Last Wednesday afternoon, when I tried to empty my MacBook Pro’s Trash, I got an error message. The message said that an error had occurred, and gave me an error code: -36. This disturbed me greatly, since, as an old-time Mac developer, I know that -36 is a serious error. In old Mac (Carbon and pre-Carbon) header files, this error was described as “I/O error (bummers)”, and that’s usually what it means — some serious general error has occurred.
My MacBook Pro is not quite stock; I have replaced its internal SuperDrive with a 120 GB solid-state drive (SSD), leaving the 500 GB internal hard drive in place. This hardware configuration would affect my efforts to repair the damage. Lest you think I have a truly weird setup, consider the fact that Apple currently sells two Macs — the MacBook Air and the server configuration of the Mac mini — that also lack an optical drive.
Concerned for the health of my disk, I fired up Disk Utility and had it check my startup disk. It found several minor issues, and one that it described as an “invalid sibling link.” At this point, I went into recovery mode.

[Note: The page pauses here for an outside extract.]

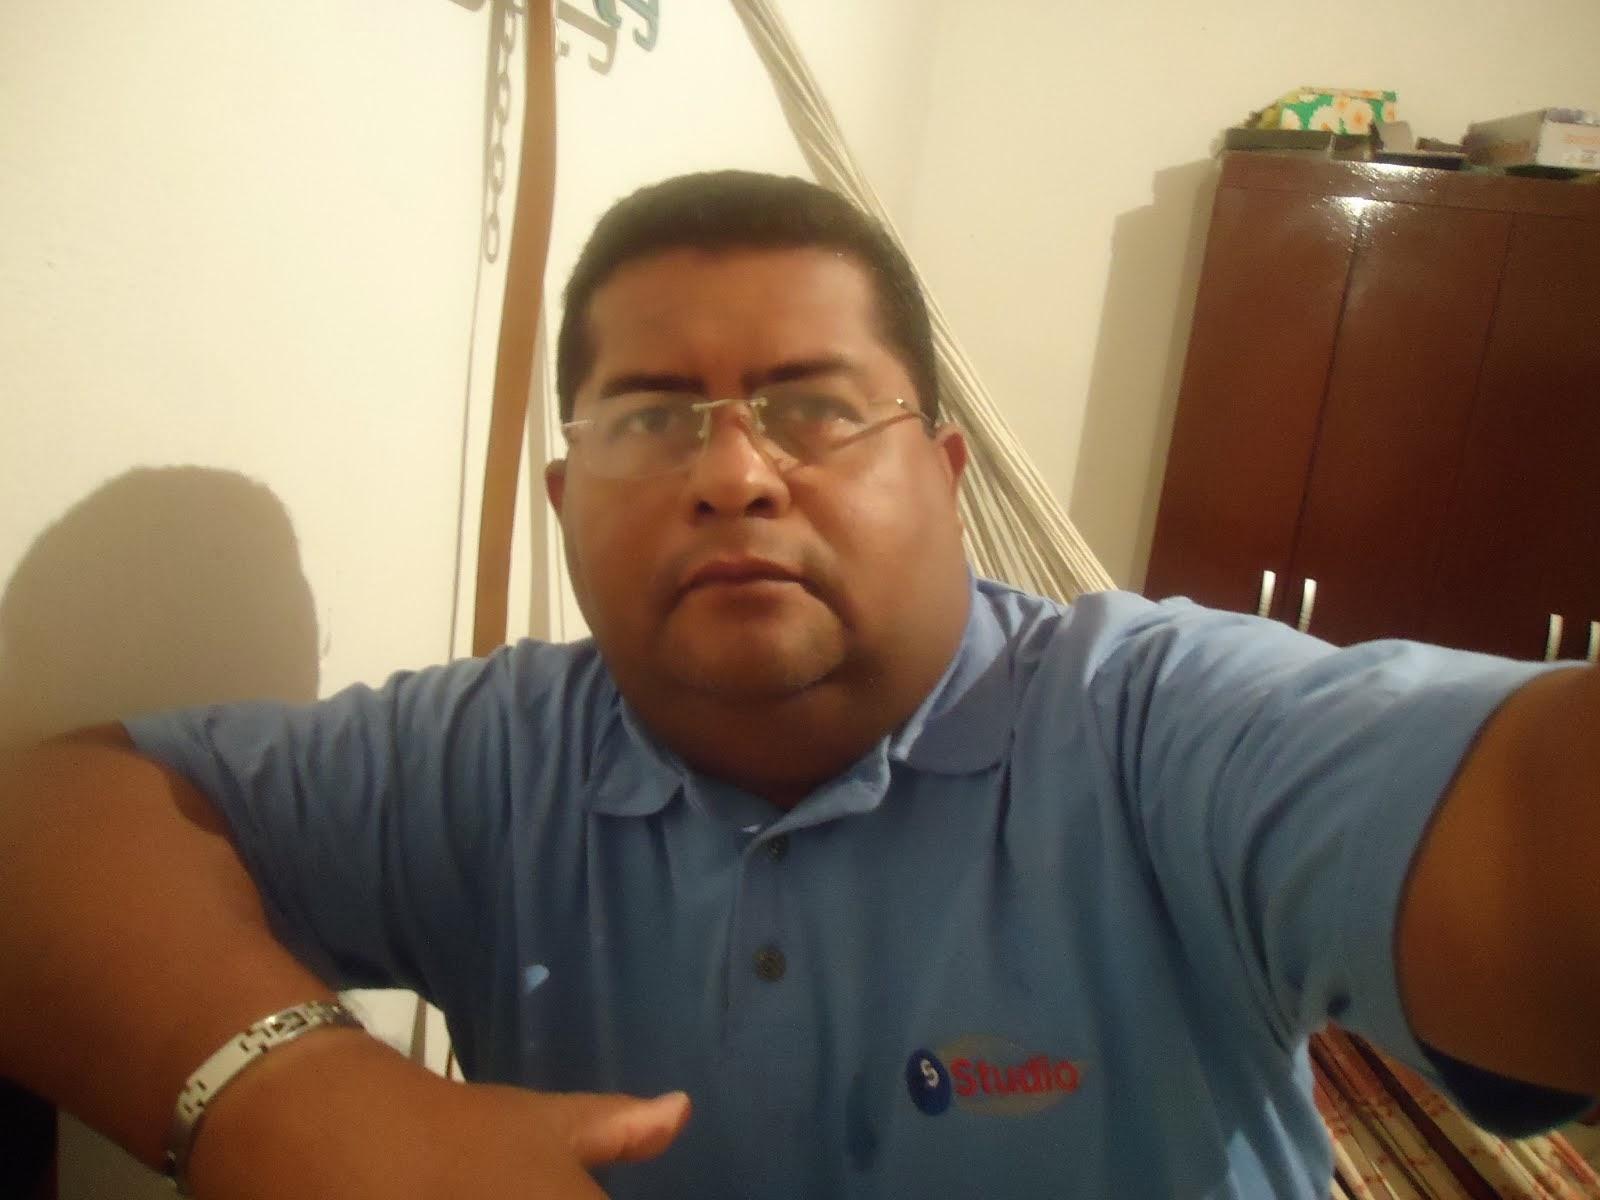 Sueldo Andrade

I shut down my MacBook Pro, and restarted it in FireWire Target Disk Mode, and plugged it into the Mac Pro I have at work.
The first thing I did after connecting the MacBook Pro as a disk to the Mac Pro was to run Disk Utility again and confirm that the SSD was, in fact, corrupted, and that the hard disk was not. I immediately started making a disk image of the SSD, and while that was running, considered my situation.
I back up my laptop to an external hard drive using Time Machine, but thinking back on it, I realized that the last time I plugged in the MacBook Pro was Sunday night, so my backup was about 60 hours old. I had written a bunch of code Monday and Tuesday, but it was all in a source control system on a server, and thus safe. Most of my email is server-based (Exchange at work and Gmail for personal stuff), but I still have two POP accounts that I read using Eudora, and that mail is stored locally. So there was definitely mail that I needed to recover. There were also a few other minor things that I had done on my MacBook Pro since the last backup (new entries in Address Book, and so on) that would be annoying, but not disastrous, to lose.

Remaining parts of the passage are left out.